Considerable work has been carried out by the group, including fencing, pest control as well as clearing 16ha of willow and a host of other weeds such as blackberry.

The fenced and restored wetland areas now provide food and shelter to increasing numbers of native and game birds. Enhancing the sponge-like function of the wetland area (by allowing native sedges, rushes and shrubs to naturally regenerate) has resulted in higher soil moisture levels in the adjacent paddocks over summer which has lead to higher productivity. By contrast in the winter, the paddocks are less wet due to the water retention abilities of the wetland vegetation.

The Hayes approach to farming incorporates a range of best practices to maximise production while taking care of the lakes.
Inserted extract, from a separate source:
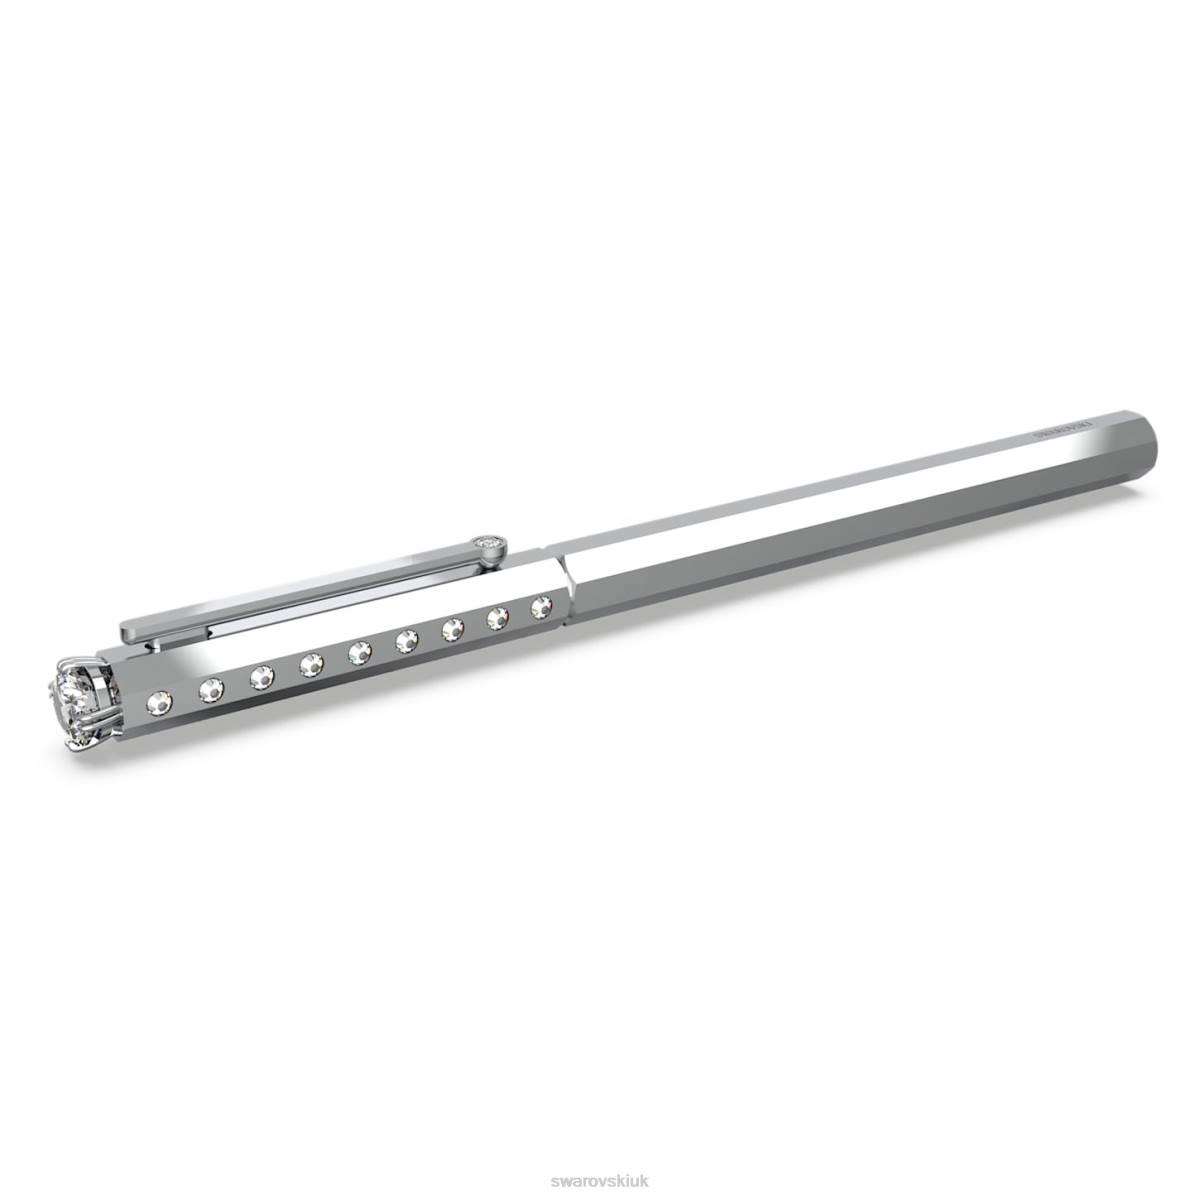 Accessories Swarovski Ballpoint pen Classic, Silver tone, Chrome plated 48JX1303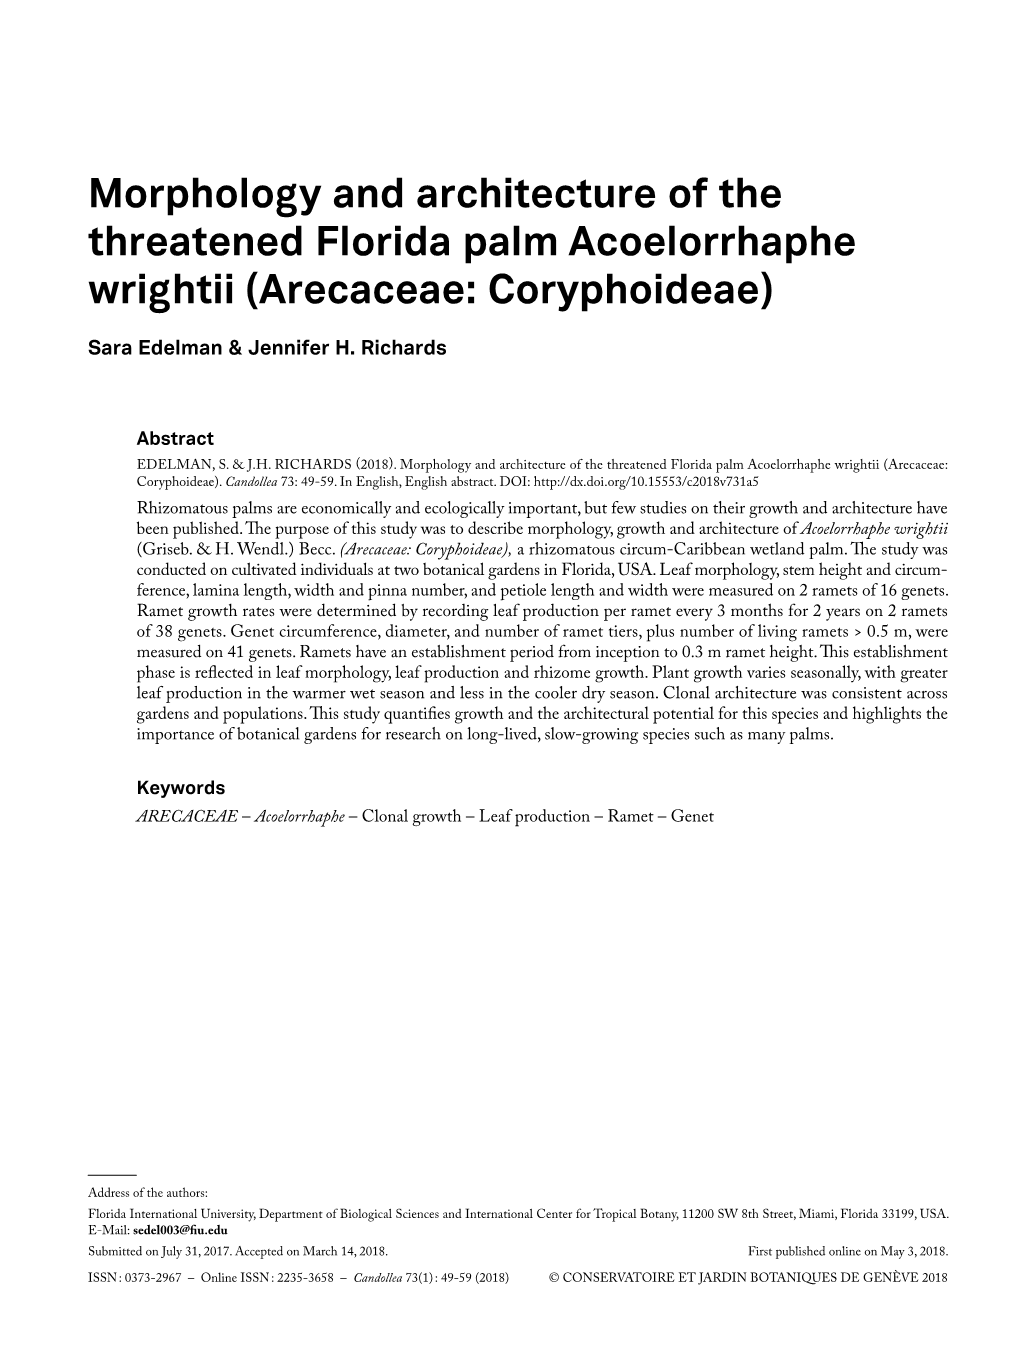 Morphology and Architecture of the Threatened Florida Palm Acoelorrhaphe Wrightii (Arecaceae: Coryphoideae)

The stocking rate of 300-320 dairy cows has remained the same despite retiring 5ha for wetland regeneration and restoration, and a run off was recently purchased. Milk solids are 1,500kg/ha.

Nitrogen fertiliser use has dropped from 150kg/ha N (2004) to 0-30kg/ha (2012) and Serpentine super phosphate use has dropped from 900kg/ha (2004) to 650kg/ha (2010).

A Whole Farm Management and Environment Plan takes into account the economic, environmental and social aspects of the farm. This also gives detailed figures on nutrients leaching into waterways.

Nitrogen leaching is minimised through irrigating effluent over the whole farm instead of 12ha, and keeping wide margins on drains and the lake. Effluent application depth is monitored
• Soil testing is carried out annually to maintain optimum nutrient levels
• Phosphorous and cadmium are monitored
• All paddocks are harrowed in the autumn
All drains and the lakes are fenced. Fencing off wet areas means no more bogged down stock and no nutrients wasted in areas of low productivity e.g. under willows. With areas of low productivity retired, nutrients are targeted on higher productivity areas.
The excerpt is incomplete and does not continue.